— RECORDS SUPPLIED —
--

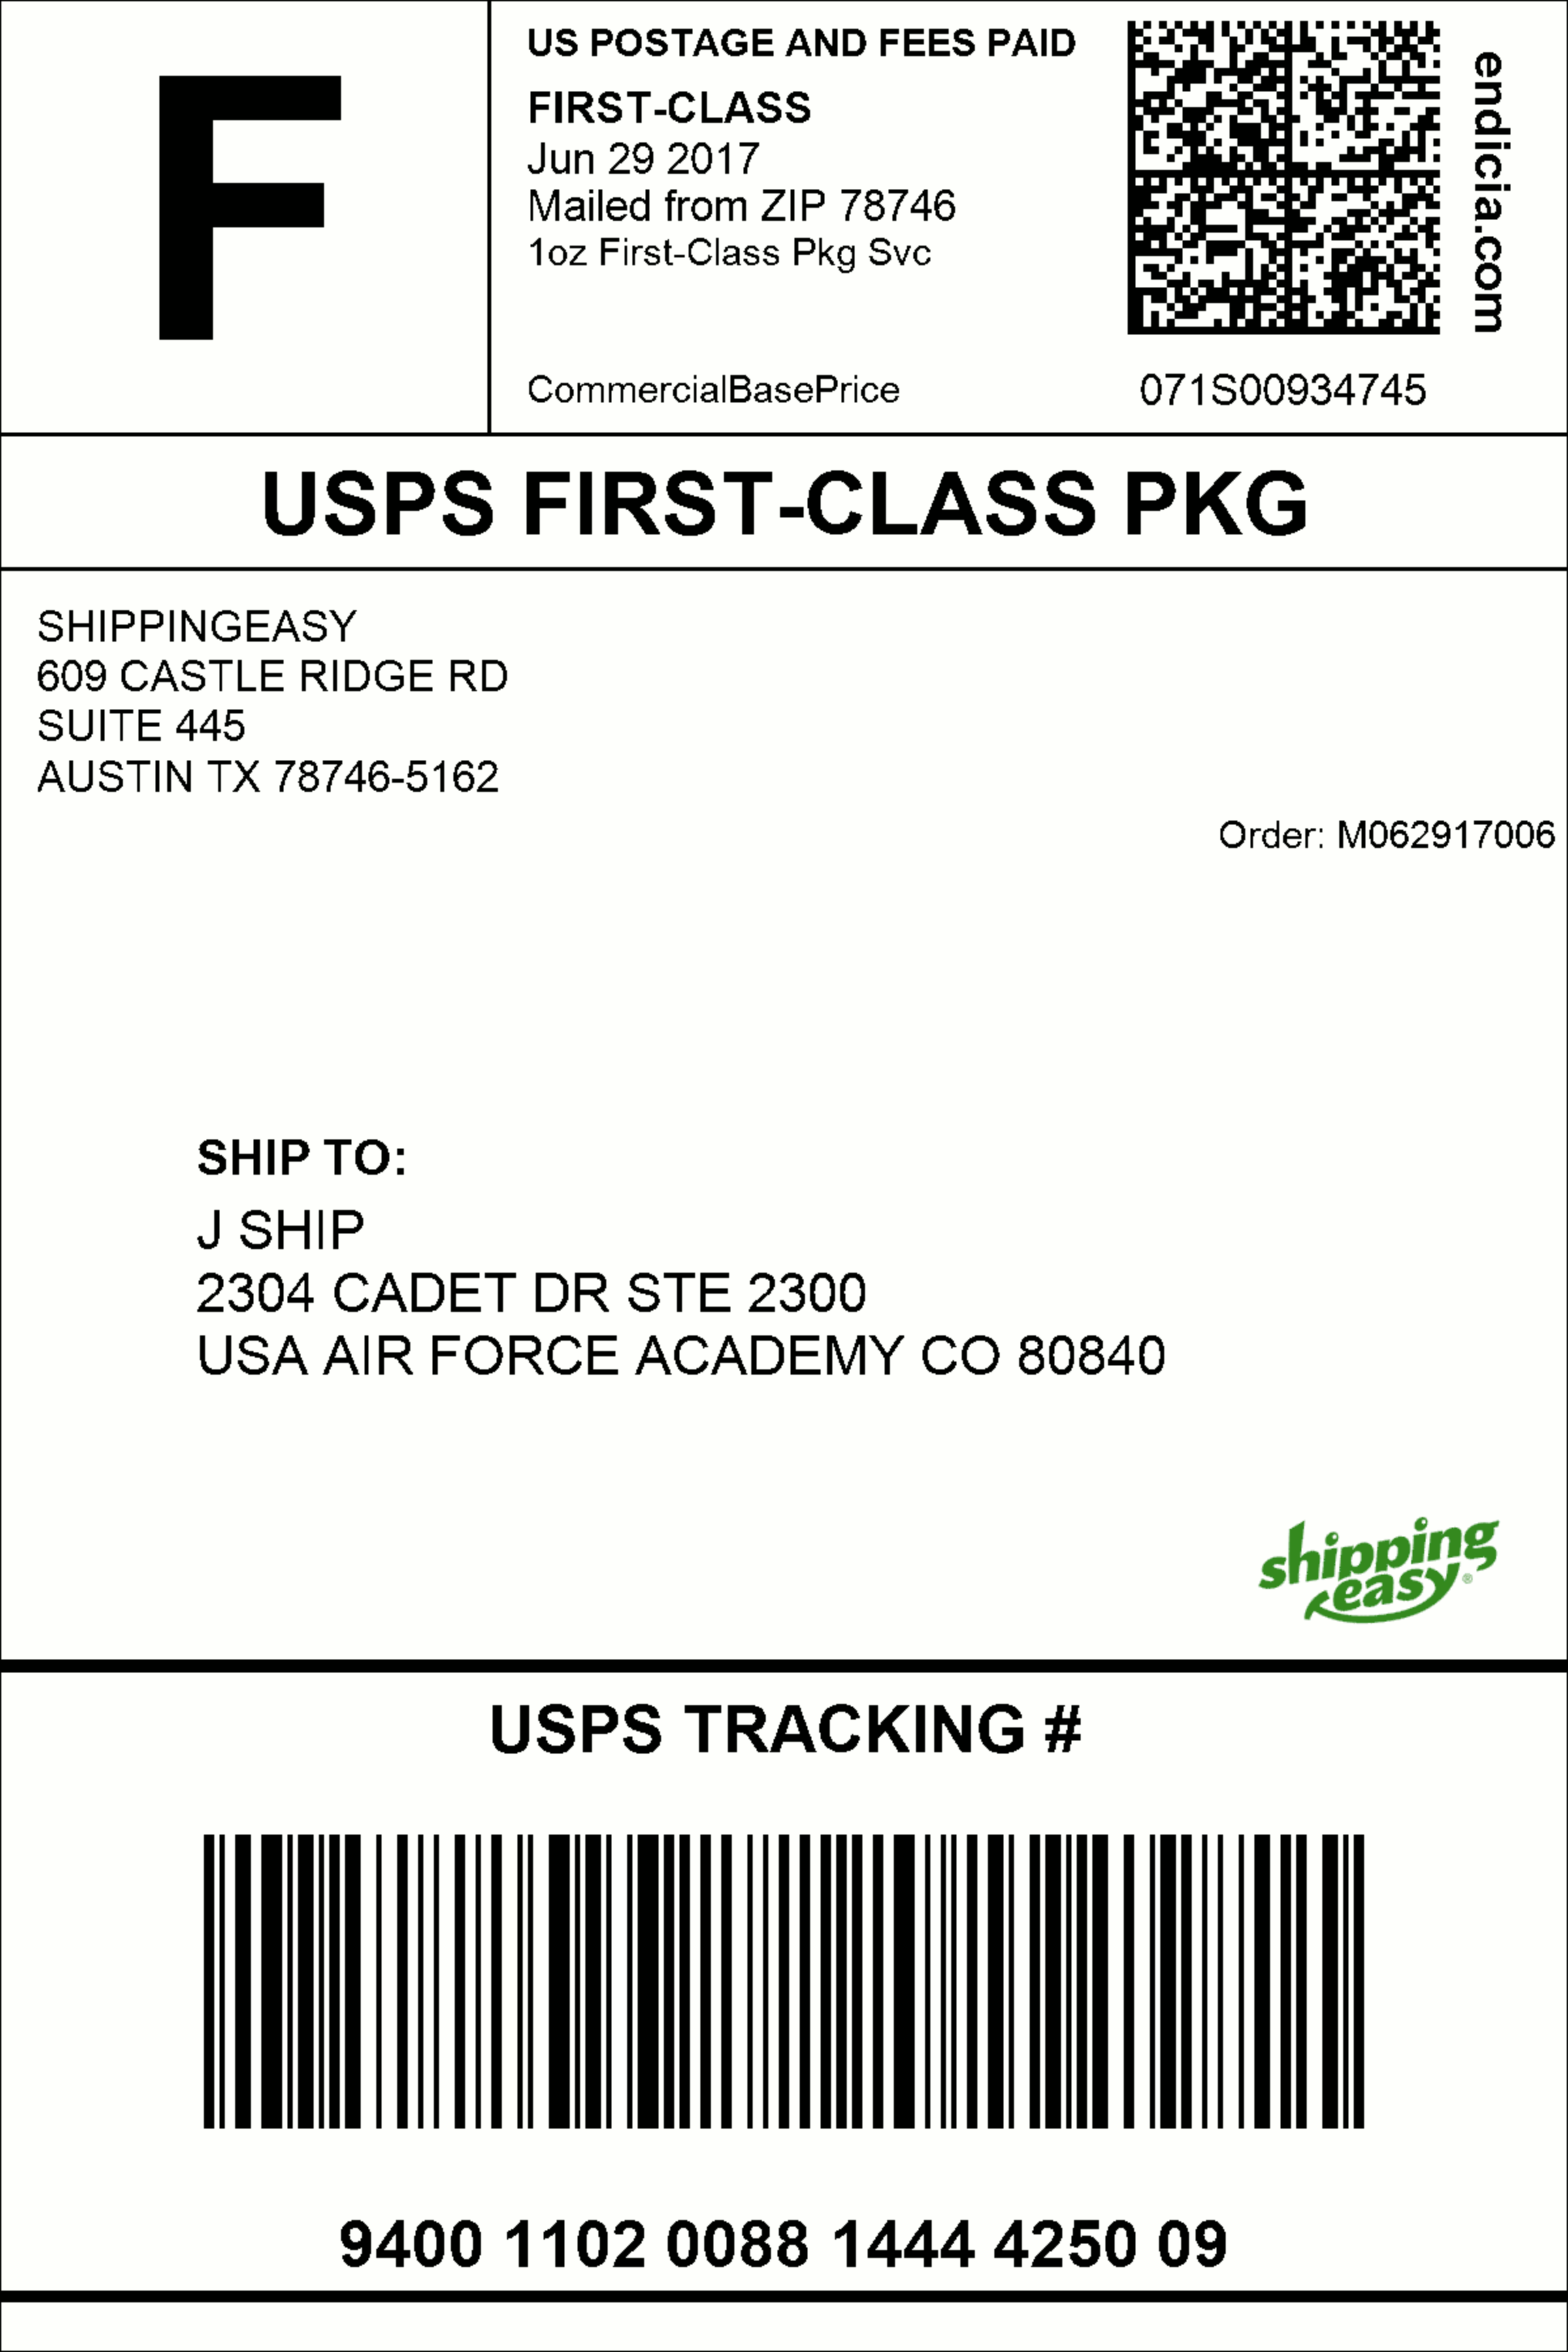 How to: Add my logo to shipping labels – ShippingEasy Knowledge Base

--

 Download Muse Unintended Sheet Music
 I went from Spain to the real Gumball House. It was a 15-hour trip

--

— TASK GOAL —
In the entries above, one line contains "Download Muse Unintended Sheet Music" and another contains "I went from". Reproduce exactly those two lines and the lines between them, nothing else.

— TASK OUTPUT —
 Download Muse Unintended Sheet Music
 I went from Spain to the real Gumball House. It was a 15-hour trip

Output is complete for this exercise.